今から考えると、公判の前に、訴訟関係人全員が失語症について理解するための「研修」を受けたうえで、法廷と同じ条件でA氏に質問する機会を設けるなどの工夫が必要だったのではないかと思われます。
3.離婚調停における「支援」の欠如A氏は、離婚調停事件が継続中に、今回の事件を起こしました。
村松=斎藤論文で引用されているように、刑事裁判の高裁判決では、離婚調停の経過と事件との関係について、次のように認定されています。
被告人は、被害者との離婚調停において、被害者から、離婚に伴い自宅マンションの所有権は被害者が取得すること、被告人は被害者から22万円の支払いを受けて同マンションを立ち退くなどを内容とする和解案を提示され、この案を大筋で認めざるを得ない見通しとなる中で、本件の数日前頃、被害者から「早く出て行け。」などと言われて、それまでに蓄積していた被害者に対する不満や悔しい思いから、被害者を殺害することを考えるようになった(後略)
この認定に、間違いはありません。
ただし、ここに書かれていないことがあります。それは、離婚調停において、被害者が自宅マンションを全部取得し、A氏は22万円だけを受け取るという「和解案」が提示され、「この案を大筋で認めざるを得ない見通し」になっている(らしい)のはどうしてか、A氏はほとんど理解できていなかったということです。

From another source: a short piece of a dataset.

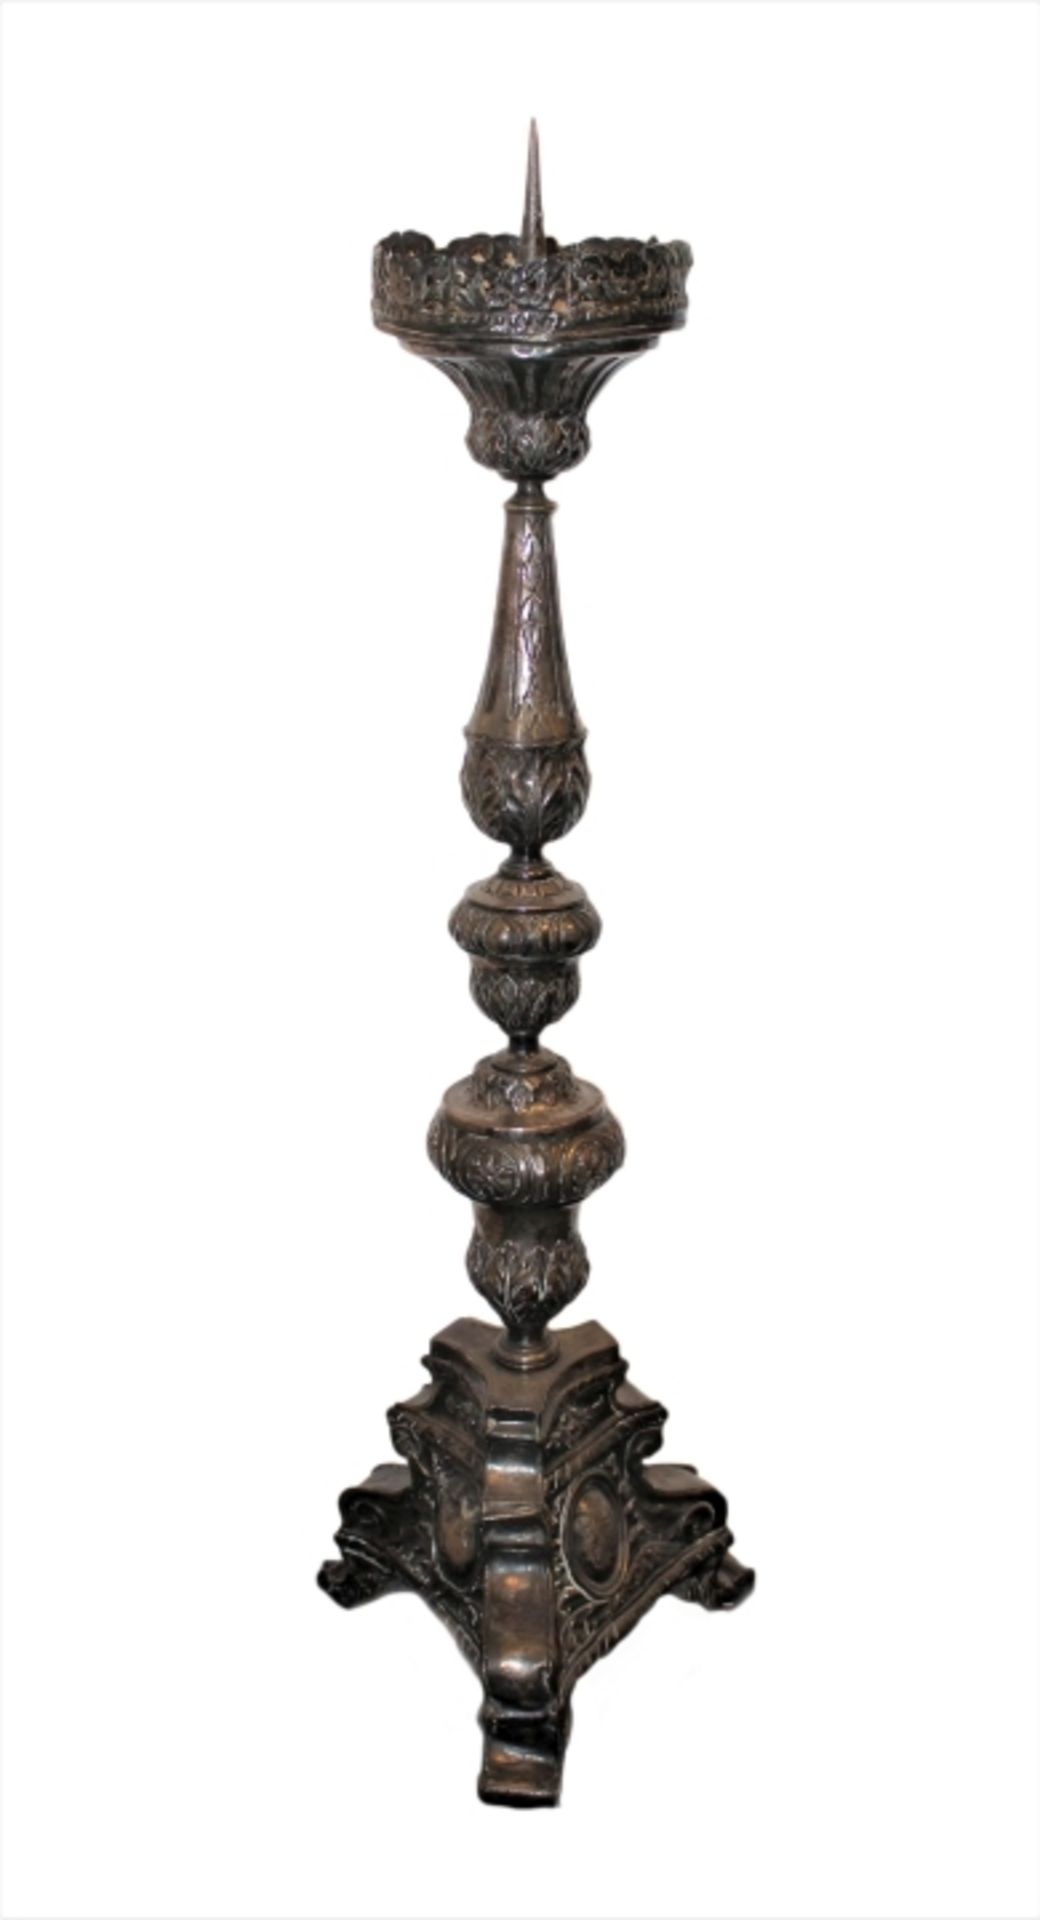 Großer Kerzenleuchter - 18. Jahrhundert Kupfer versilbert, reich verziert mit Blattwerk,

調停期日での調停委員の話も、また、代理人弁護士の説明も、A氏には、ほぼ理解できませんでした。そして、調停期日や弁護士との打合わせにおいて、言語聴覚士が同席することはなく、説明内容を文字で表示することも行われませんでした。このように、調停手続では、A氏に対する「支援」はなされず、このことが、事件の背景にあったといえます。
これに対し、刑事裁判では、前記のとおり、手厚い「支援」が行われました。刑事裁判は、刑罰という制裁を国家が科するための手続であるため、被告人が防御できる条件を整える責任が国家にあります。他方、家事事件や民事訴訟は、基本的には、私人が自らの権利、利益を実現するための手続とされています。「支援」の違いは、手続の性質のこうした違いから説明できそうです。
ただ、事件の背景となった離婚調停事件では「支援」はなされず、A氏に刑罰を科するための手続では手厚い「支援」が行われたということには、どこか釈然としない思いも残ります。
*i 失語症になった被告人の訴訟能力が問題になった先例としては、名古屋高裁平成9年2月10日判決(高等裁判所刑事裁判速報集平成9年105頁)があります。これは、1審での判決宣告期日2日前に被告人が脳内出血を発症し、中等度の失語症になった事案で、延期された判決宣告期日で、通常とおりの方法で判決が朗読されたことについて、高裁が、「精神医学と神経心理学の領域で適切な知識と経験のある専門家の協力」という措置を講ずべきだったとし、1審の判決宣告手続には違法があったとしたものです。